Design¶
This page explains the design principles and decisions in the project.
The Minimum Viable Product (MVP) for this project is a service that creates an
HTML version of all the manpages of all the packages available in
Debian, for all supported suites. Basic whatis(1)
functionality is
also expected.
apropos(1)
functionality is considered extra that can be implemented
later with already existing tools.
Components¶
The design is split those components which map to debmans
subcommands:
extract
: extracts manpages from Debian packagesrender
: renders manpages into HTMLsite
: render a static site into HTMLindex
: indexes HTML pages for searching (not implemented yet)search
: the search interface (not implemented, but there is a simple “jump” Javascript tool)
There is also a serve
command which starts a local webserver to help
with development.
See the Remaining work file for details about the missing bits.
Extract¶
This part fetches all manpages from the archive and stores them on disk. This makes them usable for tools like dman that browses remote webpages.

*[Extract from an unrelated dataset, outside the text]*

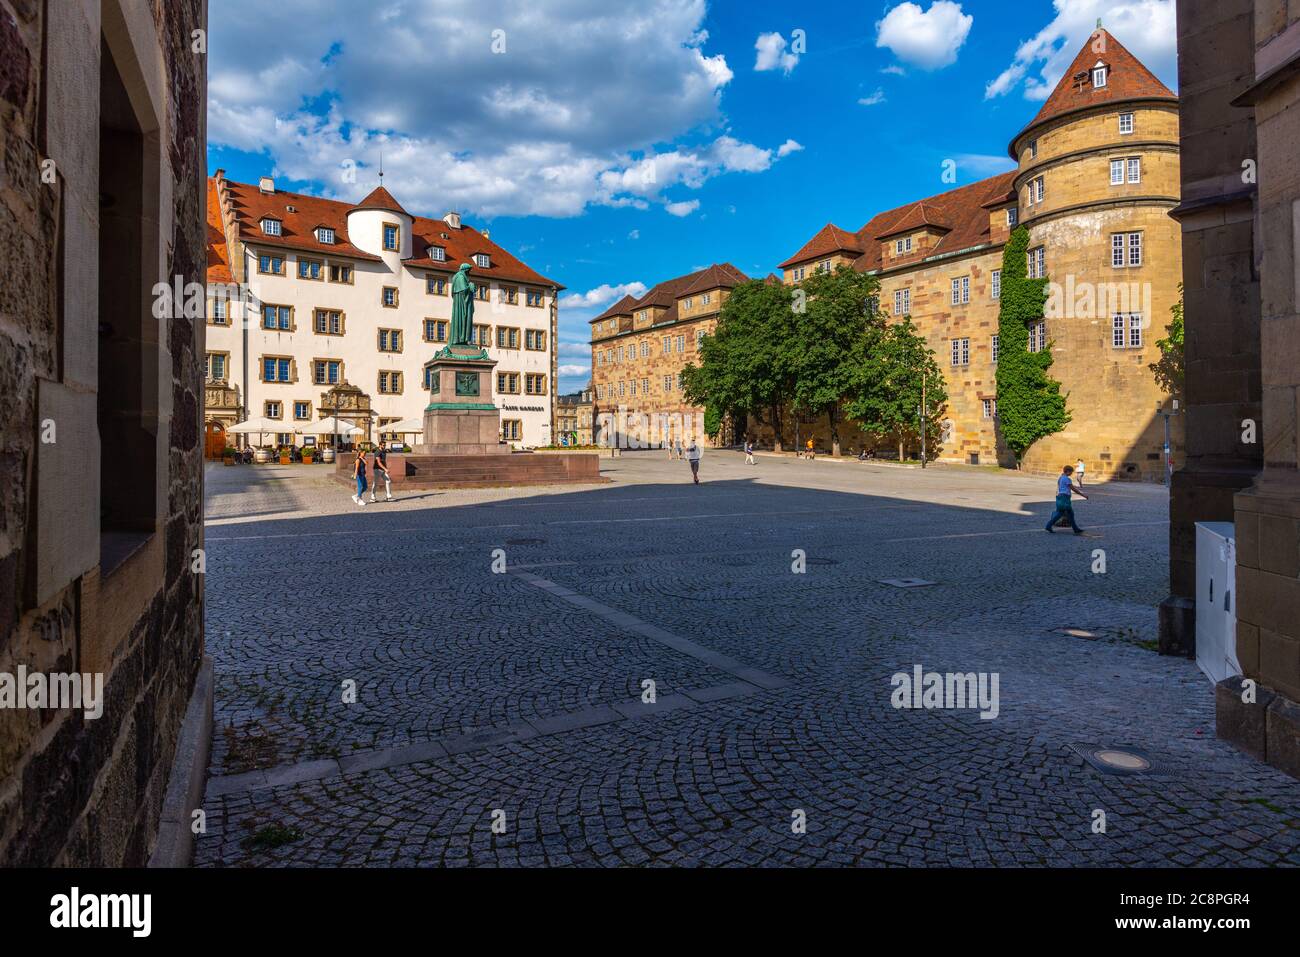 Landesmuseum (right) and Alte Kanzlei or Old Chancellery at Schillerplatz, city centre, Stuttgart, Baden-Württemberg, South Germany, Central Europe Stock Photo

The layout options for where to store files were:
- Ubuntu:
$DISTRIB_CODENAME/$LOCALE/man$i/$PAGE.$i.gz
(see dman) - original codebase:
"${OUTPUTDIR}/${pooldir}/${packagename}_${version}"
(from manpage-extractor.pl)
Ubuntu’s approach was chosen to avoid bitrot and follow more closely the existing filesystem layout. It also happens to be easier to implement.
The extractor uses a cache to avoid re-extracting known manpages. We use
the Ubuntu layout there as well
($outputdir/$suite/.cache/$packagename_version
), which leads to
bitrot, but at least it’s constrained to a suite. This will be a problem
for unstable, so maybe some garbage-collection may be necessary.
Render¶
This converts manpages to HTML so they are readable in a web browser. This is mostly about calling one of the Manpage converters and then embedding the output in one of the Templating systems.
A simple timestamp change on the template, source and target files makes sure the files that do not need to be refreshed are skipped.
Index¶
This indexes HTML pages in a search engine of some sort.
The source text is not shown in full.